(Goal of the exercise)
No pictures belong in the copy. Retype exactly, and only, the stretch of lines below from the one with "Поджелудочной железы свиньи." through the one with "Kurzes kastiges Sweatshirt".

(Data records)
──────
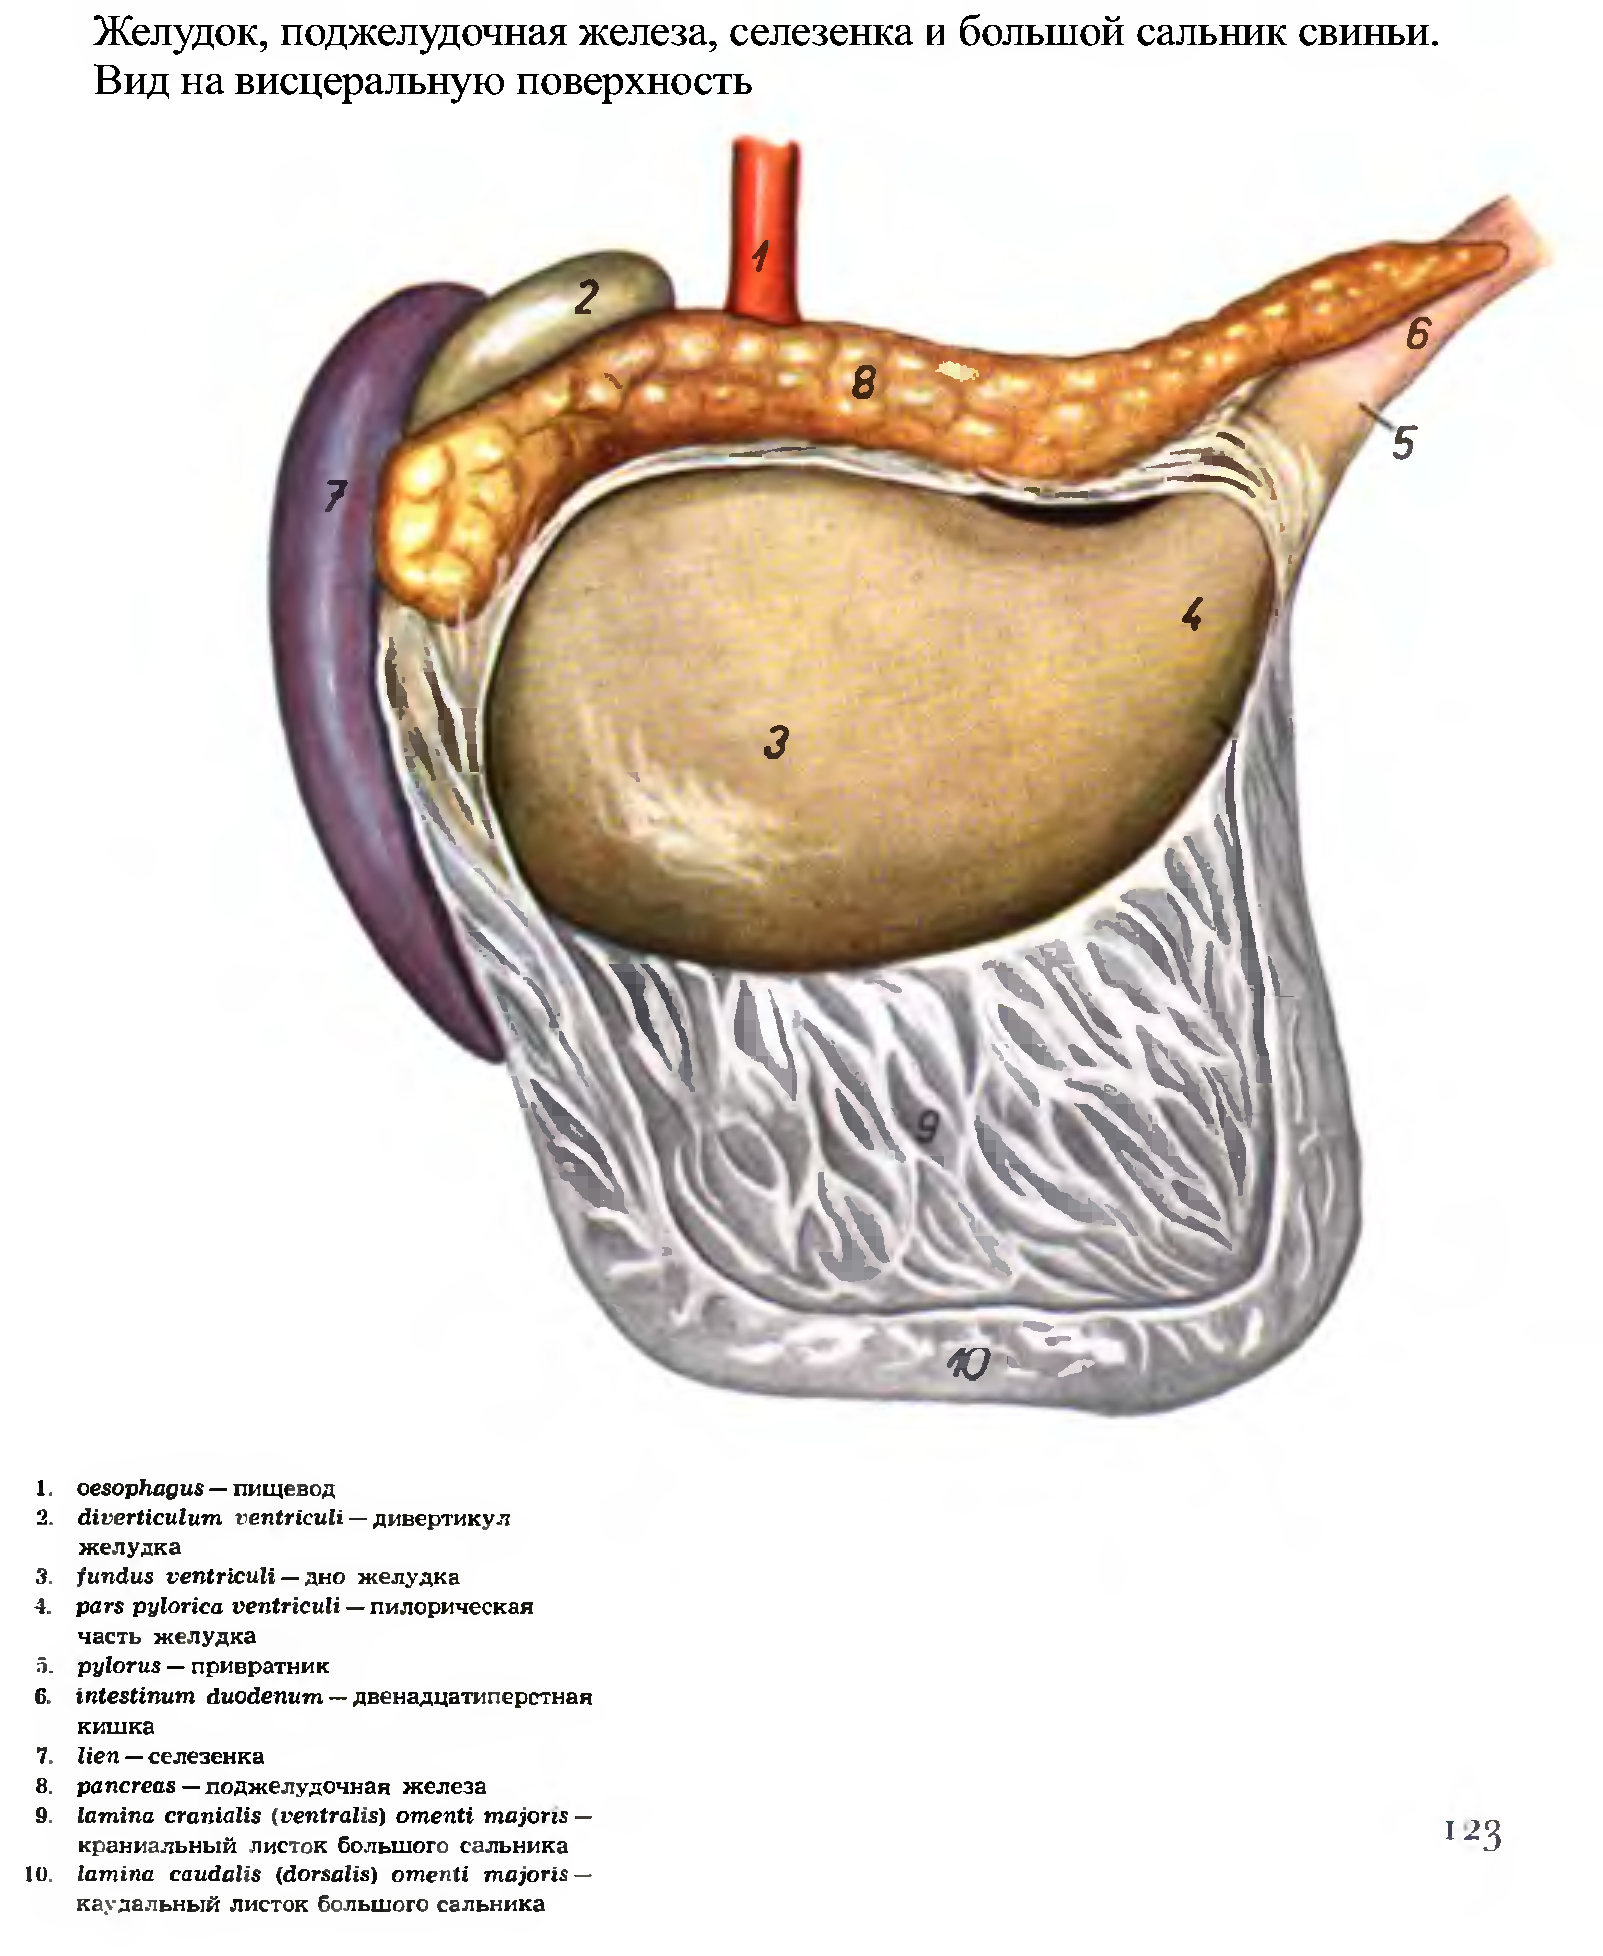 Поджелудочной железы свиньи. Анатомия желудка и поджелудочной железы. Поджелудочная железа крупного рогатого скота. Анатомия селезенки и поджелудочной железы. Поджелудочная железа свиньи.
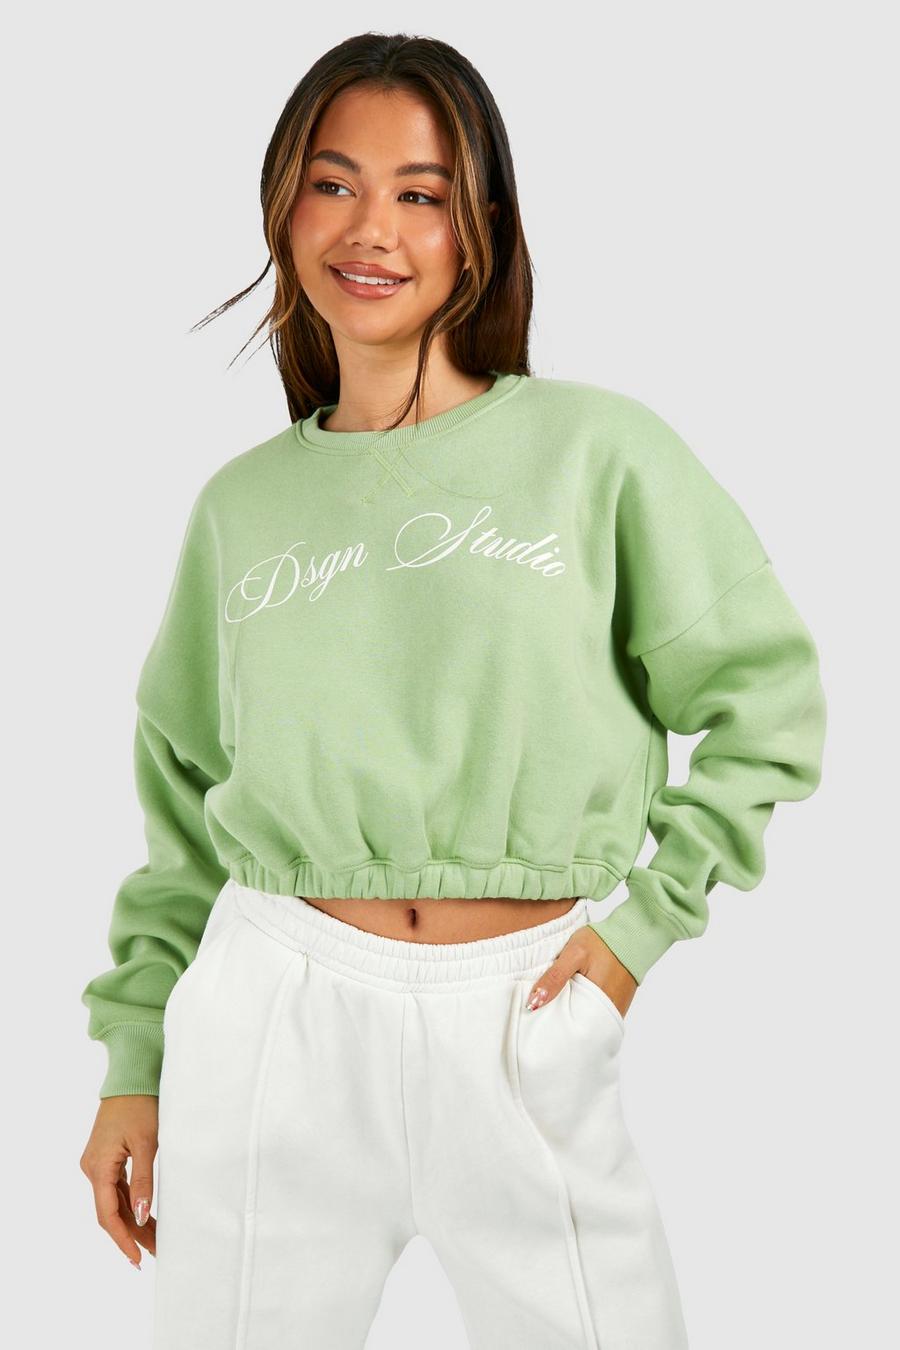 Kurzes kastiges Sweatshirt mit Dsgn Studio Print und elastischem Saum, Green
──────
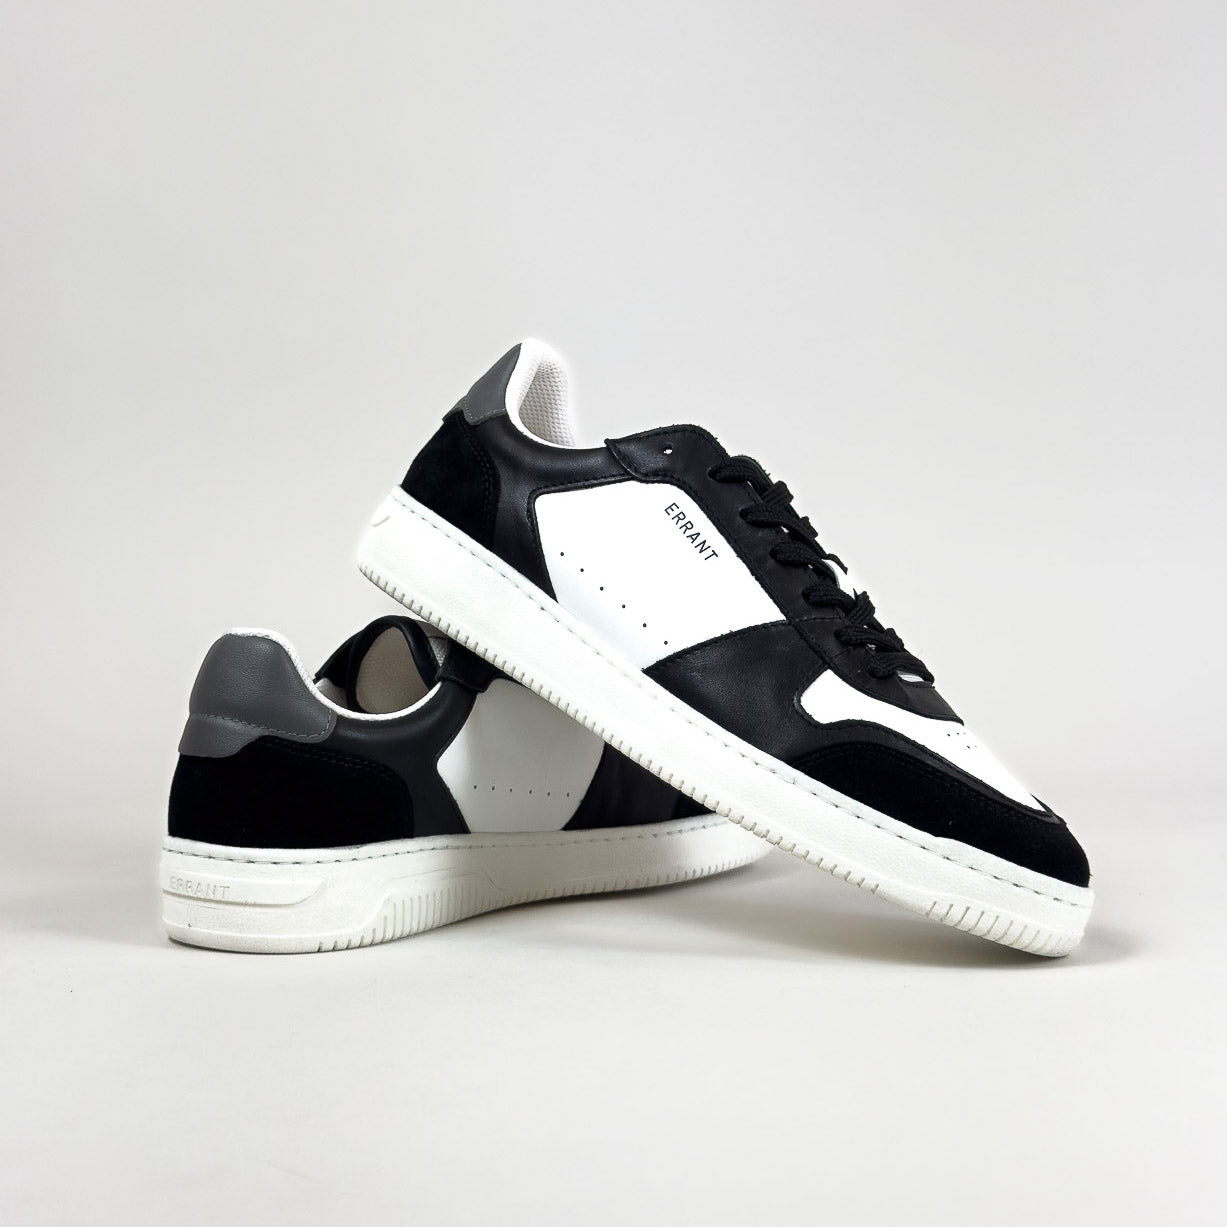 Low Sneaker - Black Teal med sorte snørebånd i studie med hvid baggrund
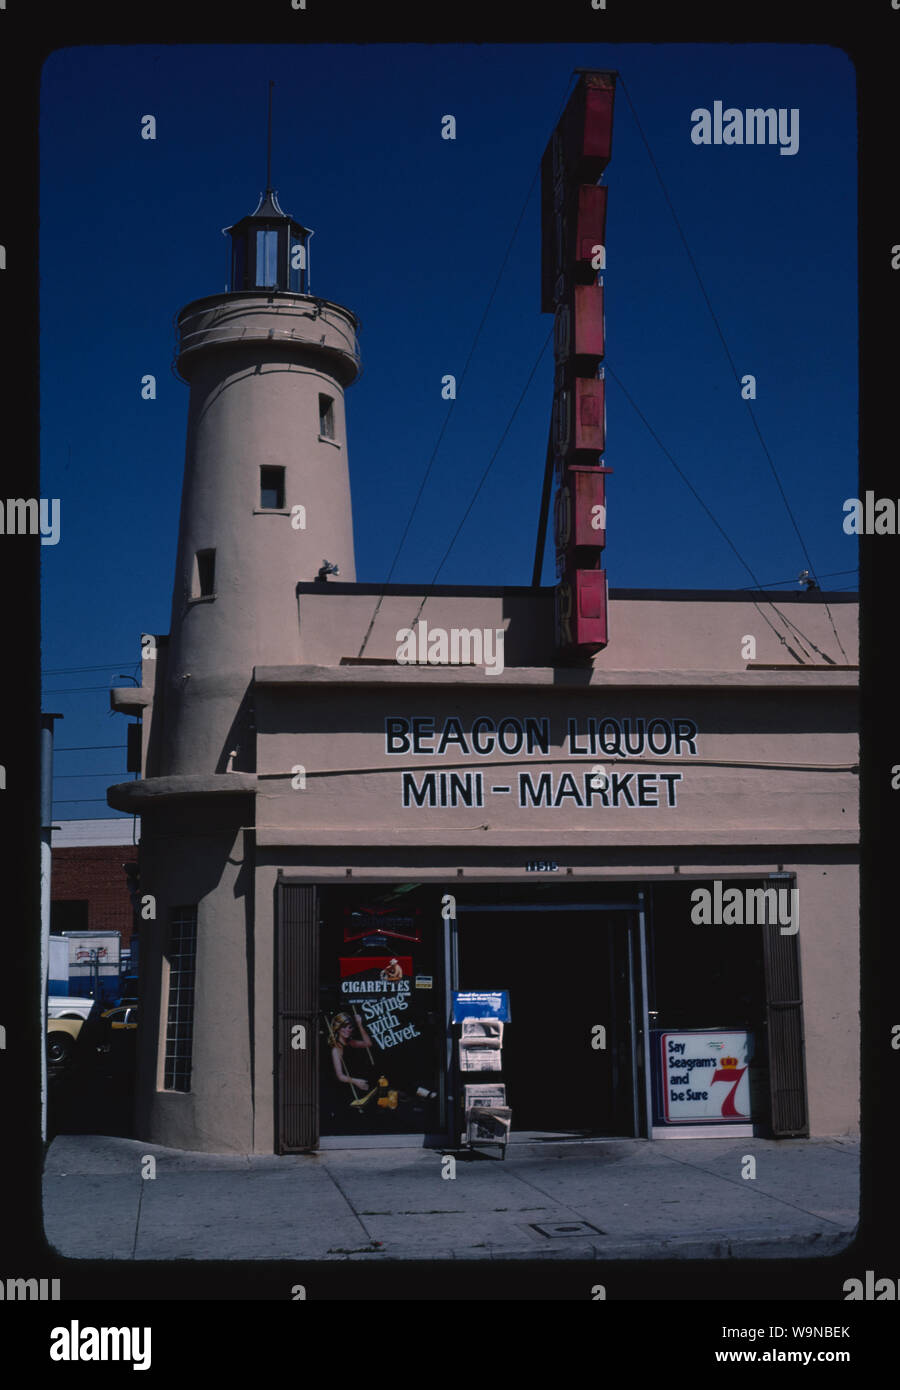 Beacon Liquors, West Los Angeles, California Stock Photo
──────
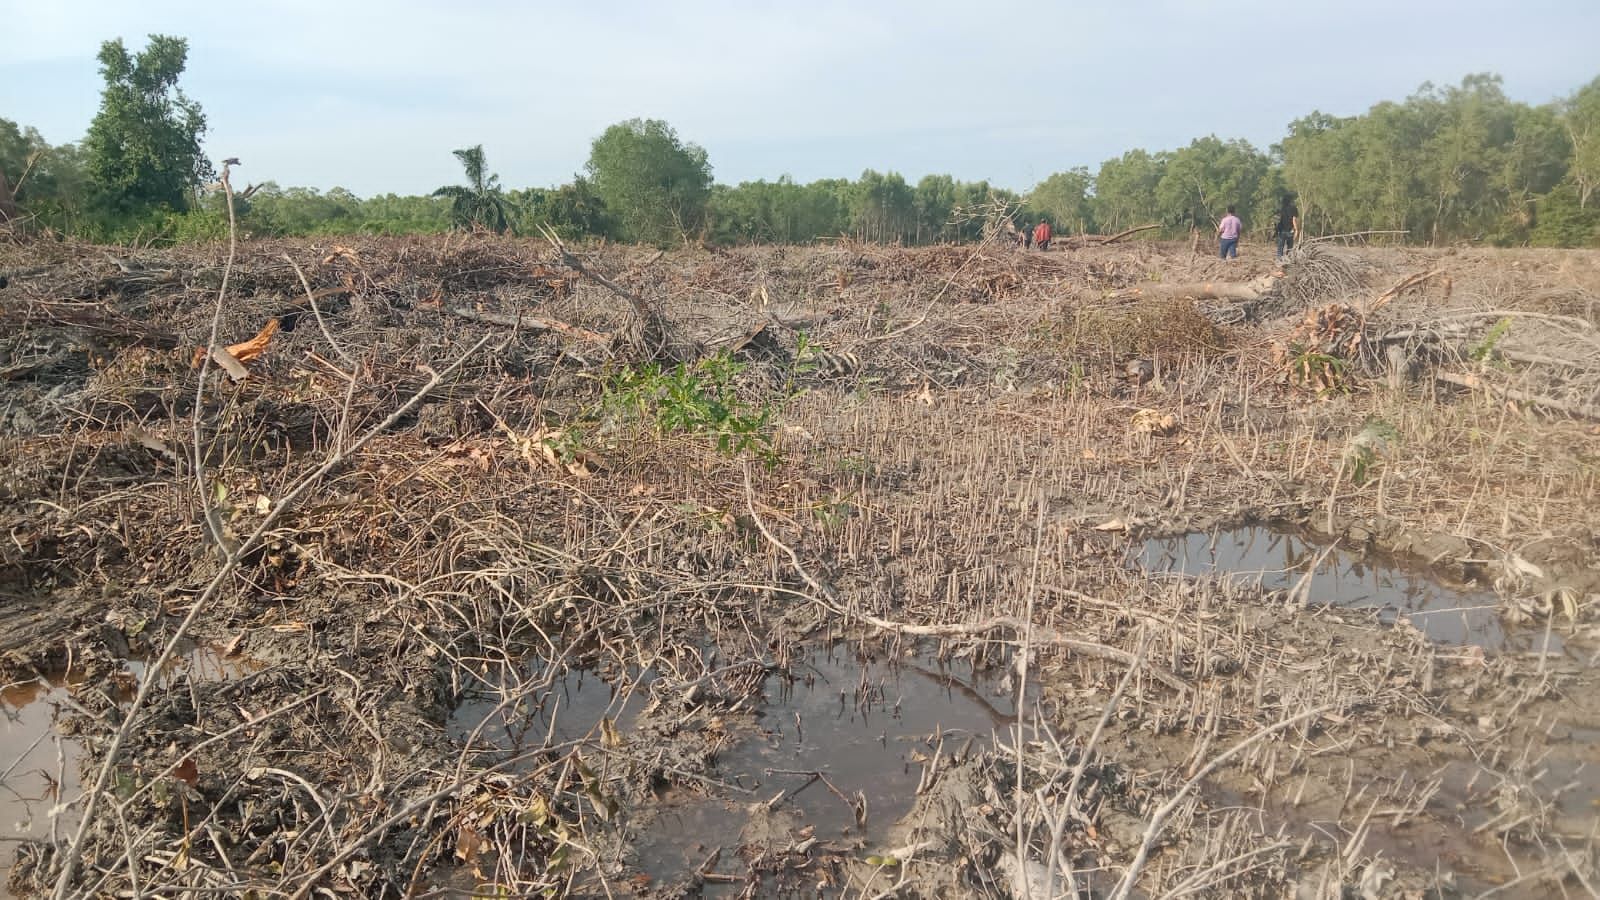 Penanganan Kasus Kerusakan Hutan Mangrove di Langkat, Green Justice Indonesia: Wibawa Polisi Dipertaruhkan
──────
(Output for this exercise)
 Поджелудочной железы свиньи. Анатомия желудка и поджелудочной железы. Поджелудочная железа крупного рогатого скота. Анатомия селезенки и поджелудочной железы. Поджелудочная железа свиньи.
 Kurzes kastiges Sweatshirt mit Dsgn Studio Print und elastischem Saum, Green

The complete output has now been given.